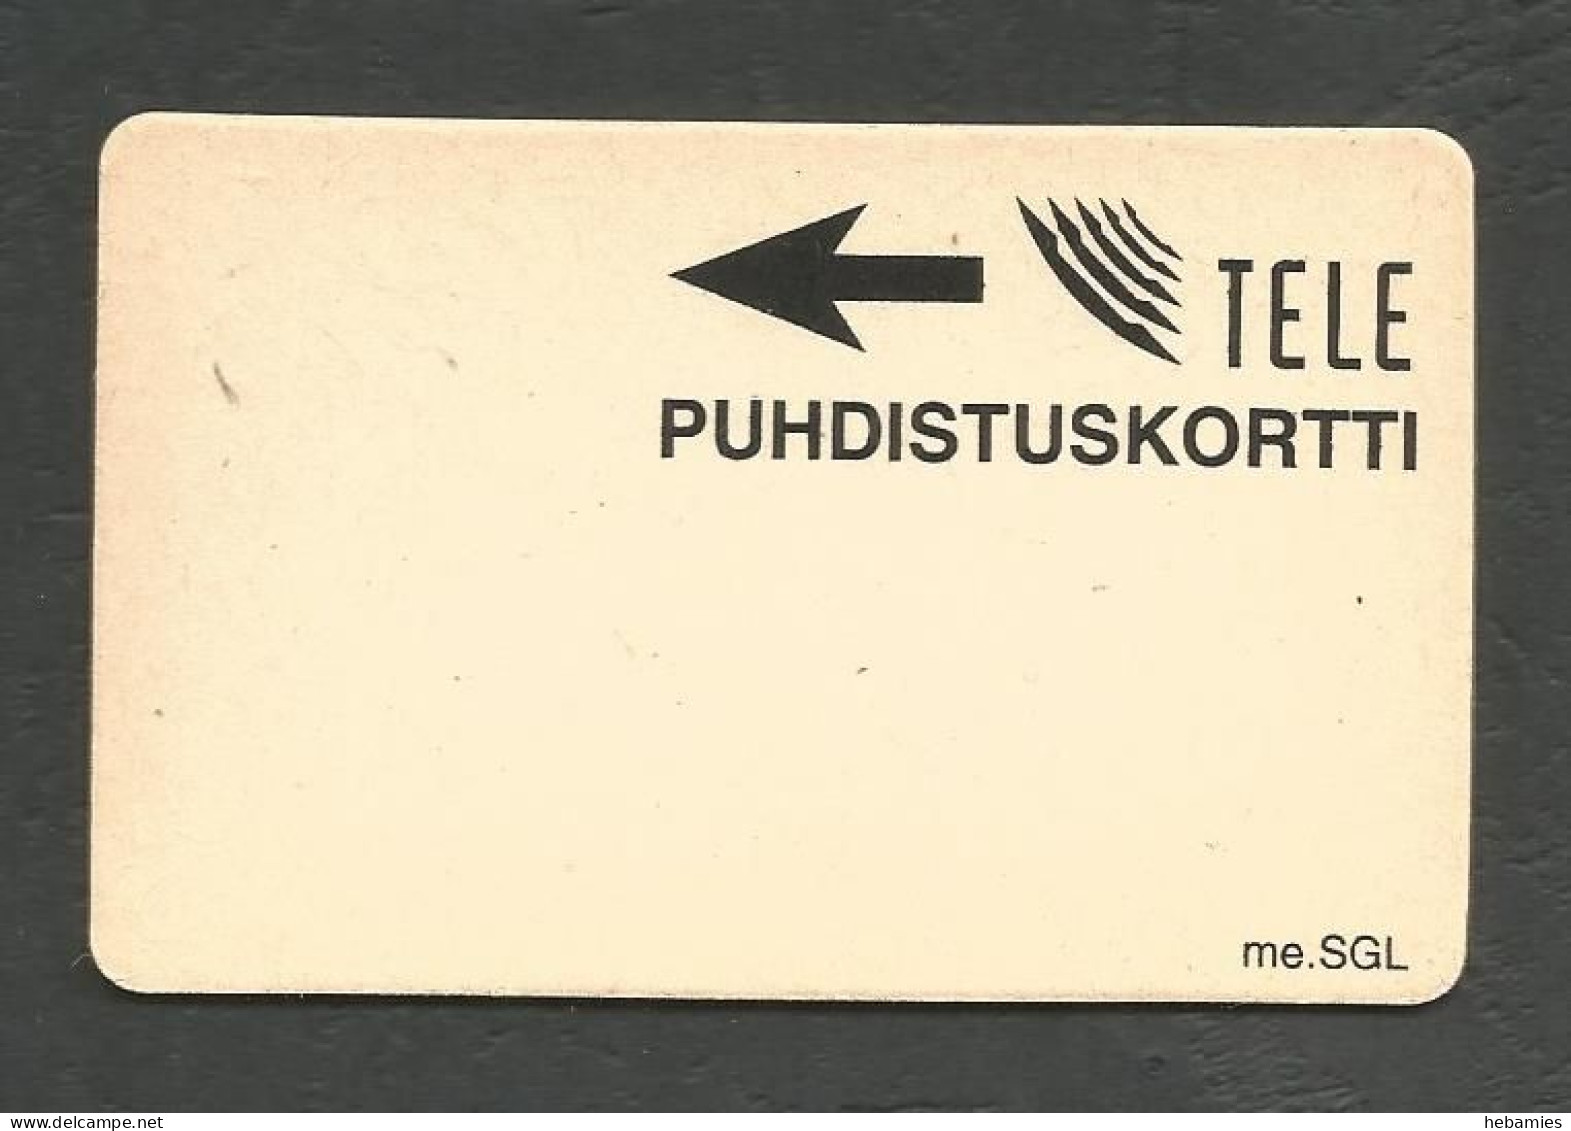 PAYPHONE CLEANING CARD  - TELE - FINLAND - - Finlande
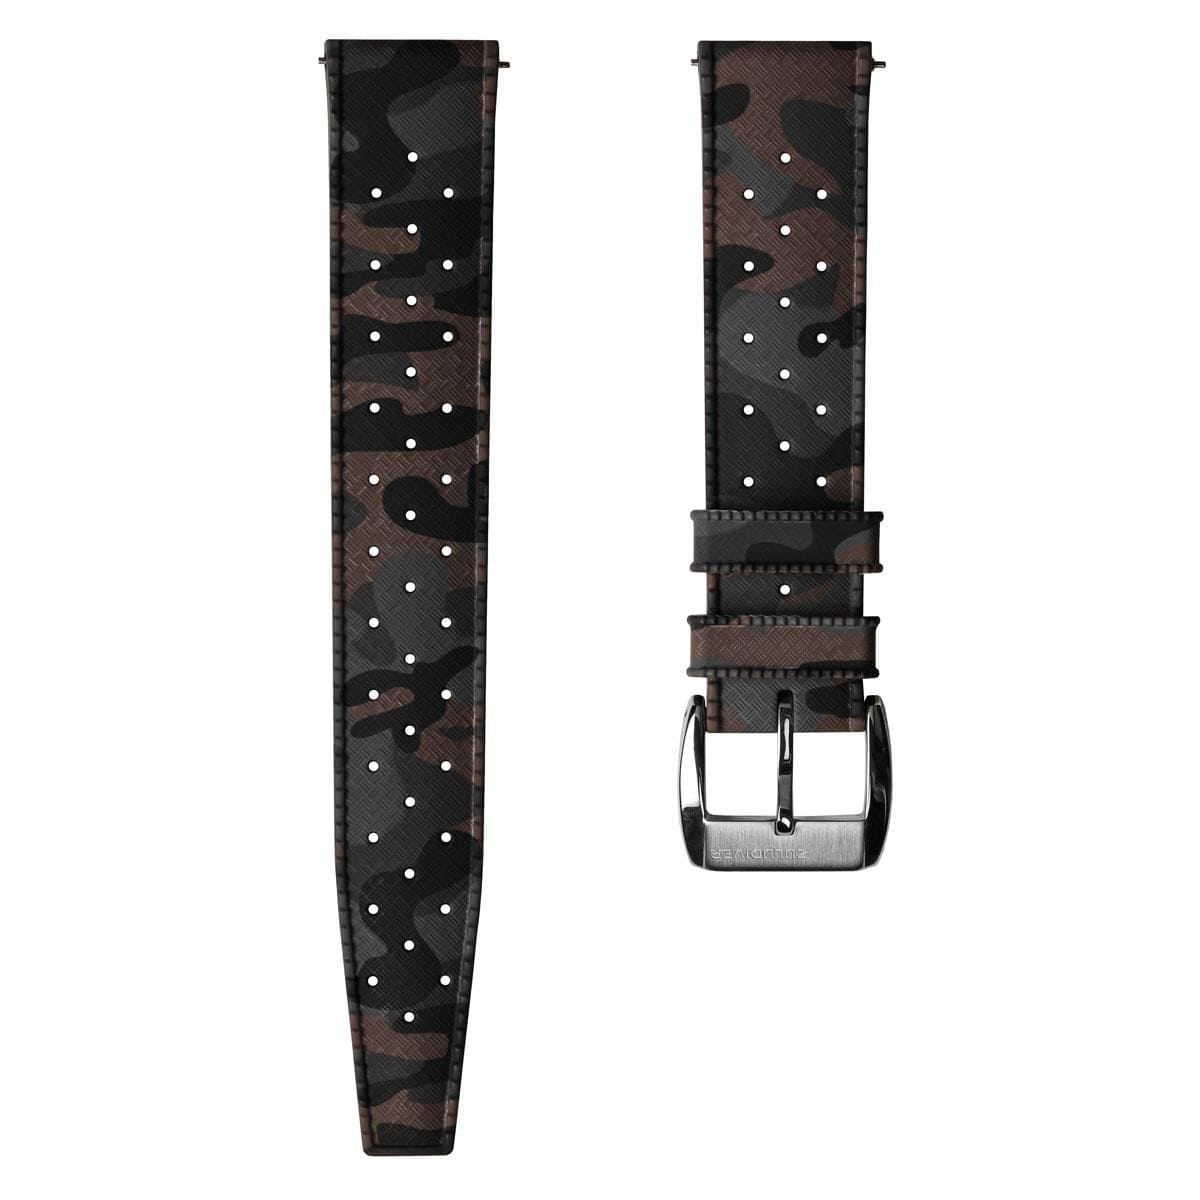 ZULUDIVER Tropic Style FKM Rubber Watch Strap - Camouflage Brown
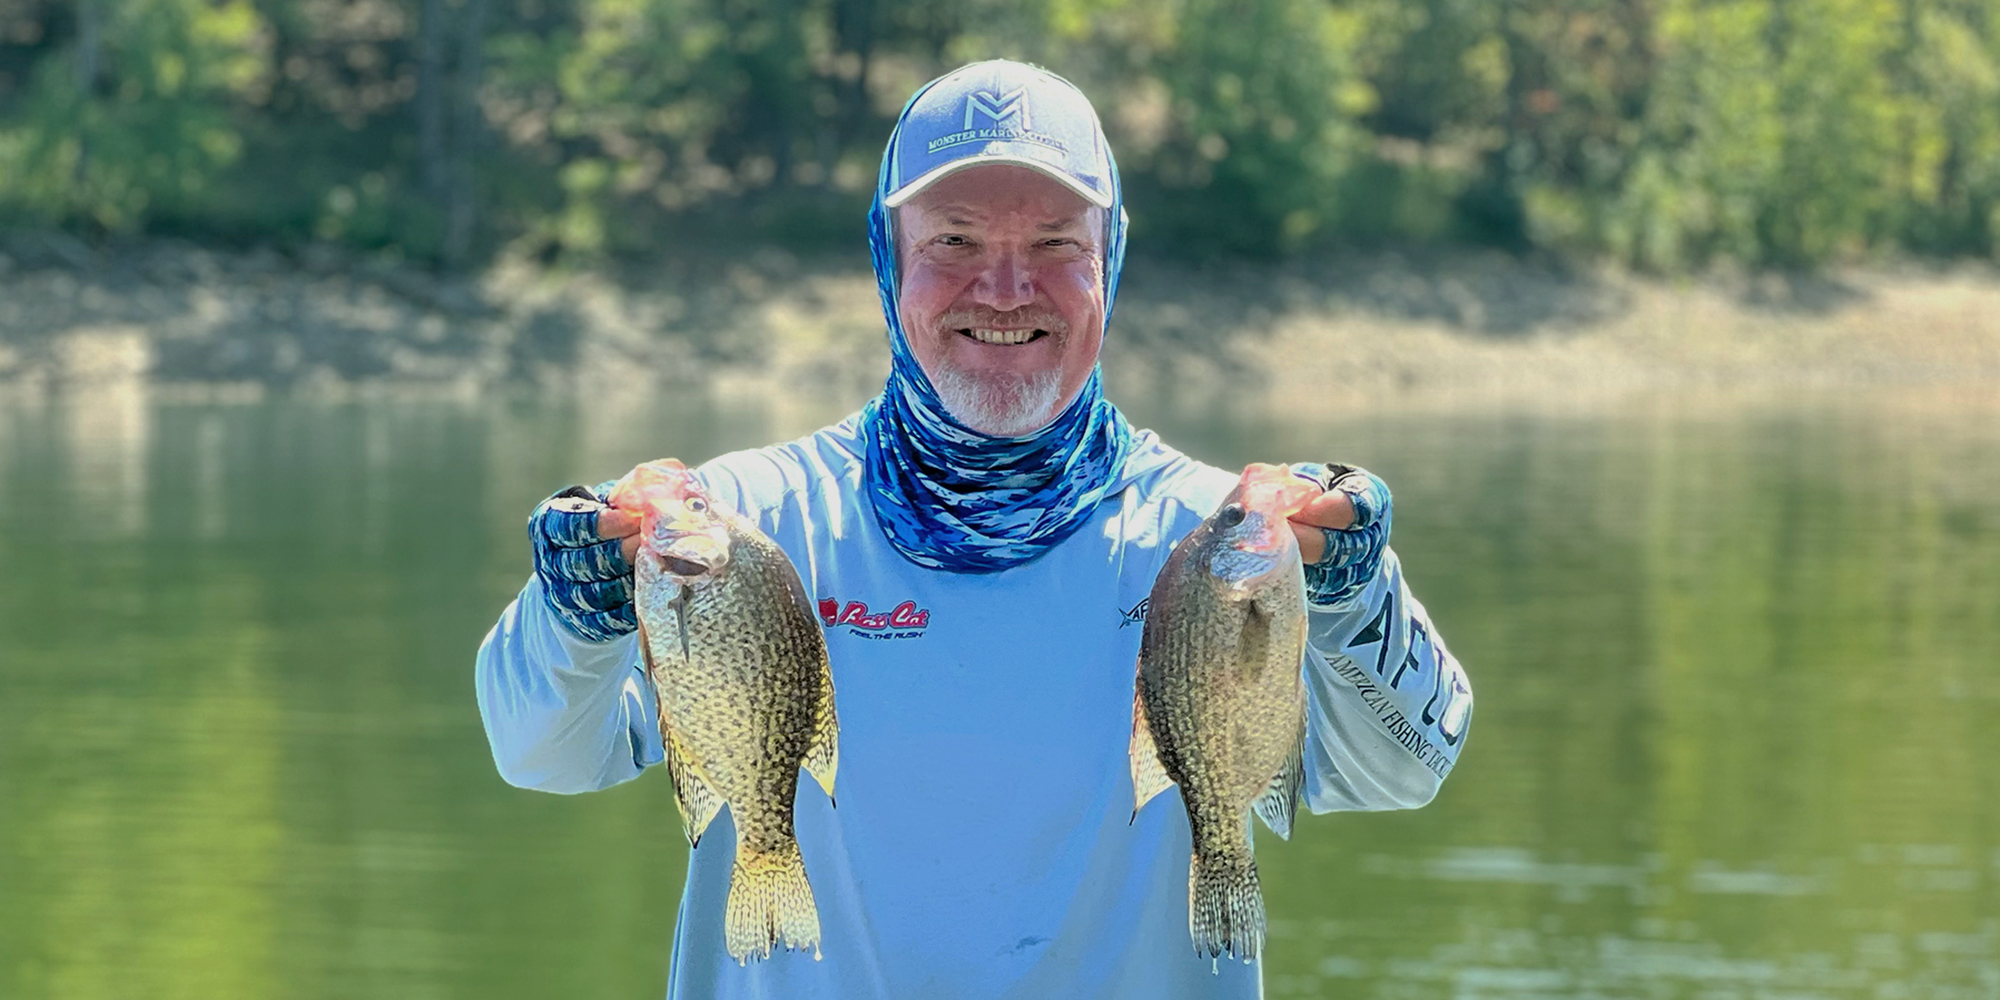 Davis shares guide tips for catching fall crappie - Major League Fishing

┄┄┄┄┄┄┄┄┄┄

Return all material verbatim, pictures omitted.

 PAYPHONE CLEANING CARD  - TELE - FINLAND - - Finlande
 ZULUDIVER Tropic Style FKM Rubber Watch Strap - Camouflage Brown
 Davis shares guide tips for catching fall crappie - Major League Fishing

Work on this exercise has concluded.